Friday, August 29, 2008

An Embellished Resume

http://fsbfeatures.blogs.fsb.cnn.com/2007/09/25/should-the-us-grant-more-h-1b-visas/

In short: Absolutely not. Both my wife and I have over 40 years combined experience in the IT arena, and we’ve worked as developers, project managers, team leads, DBAs, business analysts. We have never seen such utter lack of competence in the IT world since the onslaught of cheap Indian labor in the late 90’s and right after the Y2K crisis.

Many of these Indian H1B developers’ resumes are filled with outright lies; they regularly claim they have certification and experience orders of magnitude above what they actually have; and worst of all, in many cases, they are literally impossible to understand because of language difficulties, making project work a nightmare.

Most of this is cultural, unfortunately: In India, Pakistan, and China, there is no concept of intellectual property, and there is also massive corruption that influences everyday life. So it’s totally acceptable to embellish by 20% or 50% because everyone else around you is doing it.
Put that same person in an American setting, and the lack of coding quality, understanding of simple American and European business principles, and - most importantly - the ability to act intuitively without any direct management simply evaporates.
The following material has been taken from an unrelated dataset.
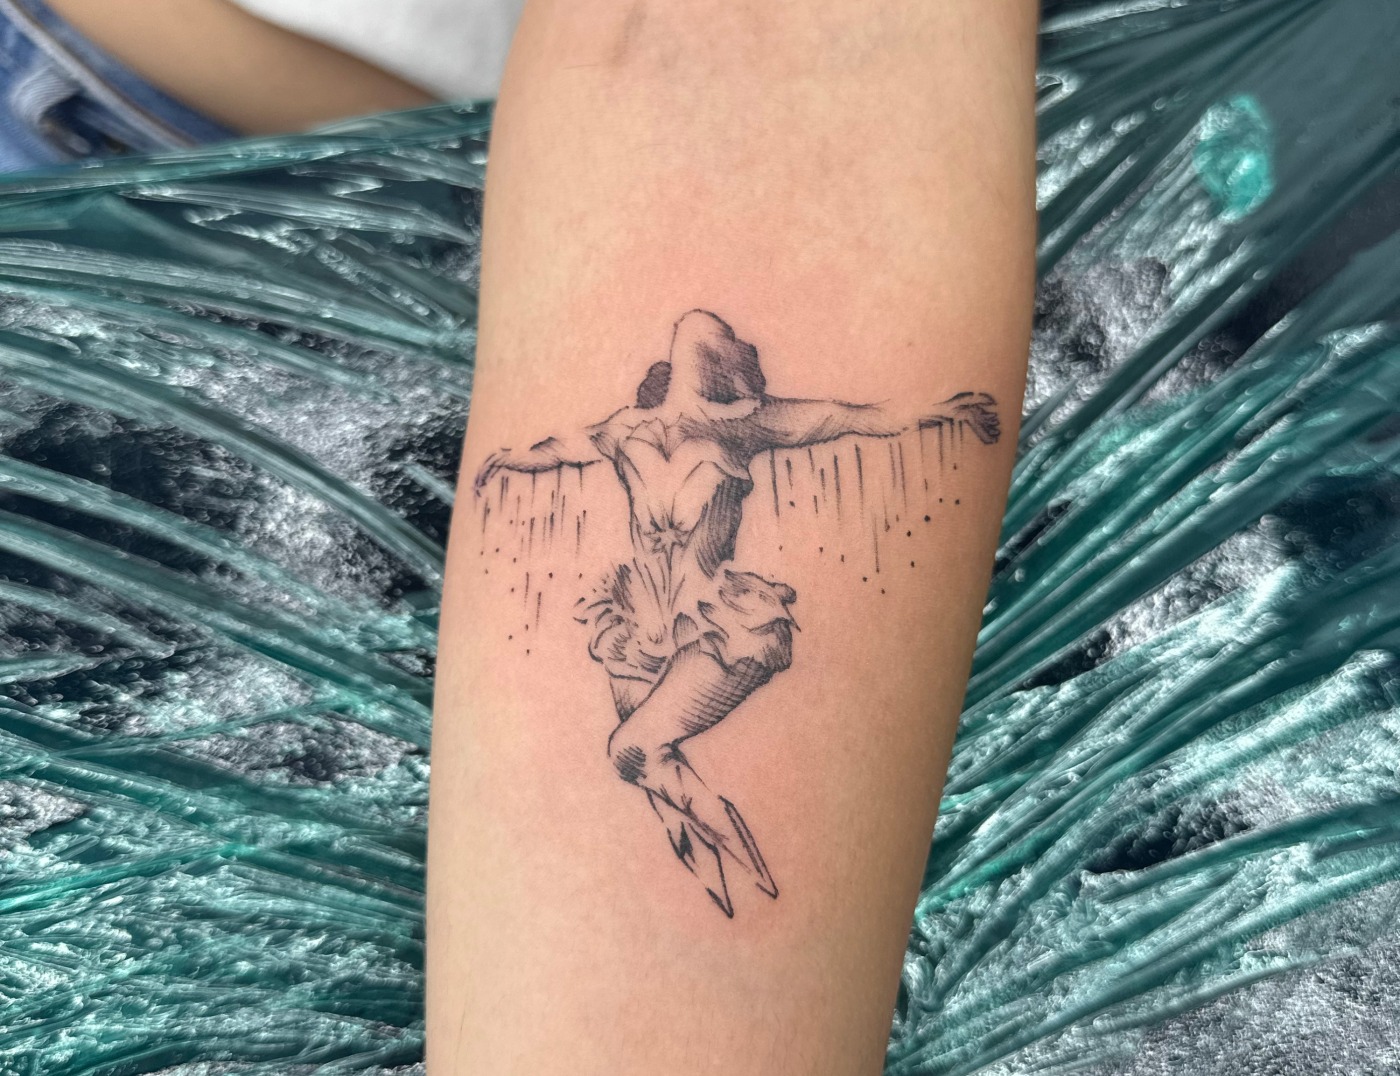 Woman Ballerina Black & Gray Realism Tattoo By Choze At Iron Palm Tattoos. Female ballerina or dance tattoos symbolize grace & femininity. Ballet is considered the most elegant form of dance. We're open late night most nights until 2AM. Call 404-973-7828 or stop by for a free consultation.

The reason for this mess, pure and simple: After Y2K, contractors were charging outrageously high rates for coding and development, and IT departments were reeling from those costs. Rather than solve the problem - hiring only the best workers, training the substandard ones to become better, and simply flushing the rest - the Indians showed up with promises of being able to do the work for 20% of the cost. American CFOs and freshly-minted MBAs saw this as a chance to regain control of these costs, figuring that even if the offshored resource screws it up four times, they were still ahead of the game in terms of cost.

What needs to happen, unfortuately, is a major disaster, either from a security / data loss standpoint, or the loss of a major center of Indian computing. (After all, Pakistan hates India, and vice versa … and they both do have nuclear weapons, right?) And then it’s time to call all the junior MBAs on the carpet and start rolling heads down the hallway. I have a bevy of American friends who understand how to benefit from this … and we’re just waiting for the show to start. Keep watching - it’s gonna be an interesting end to this decade!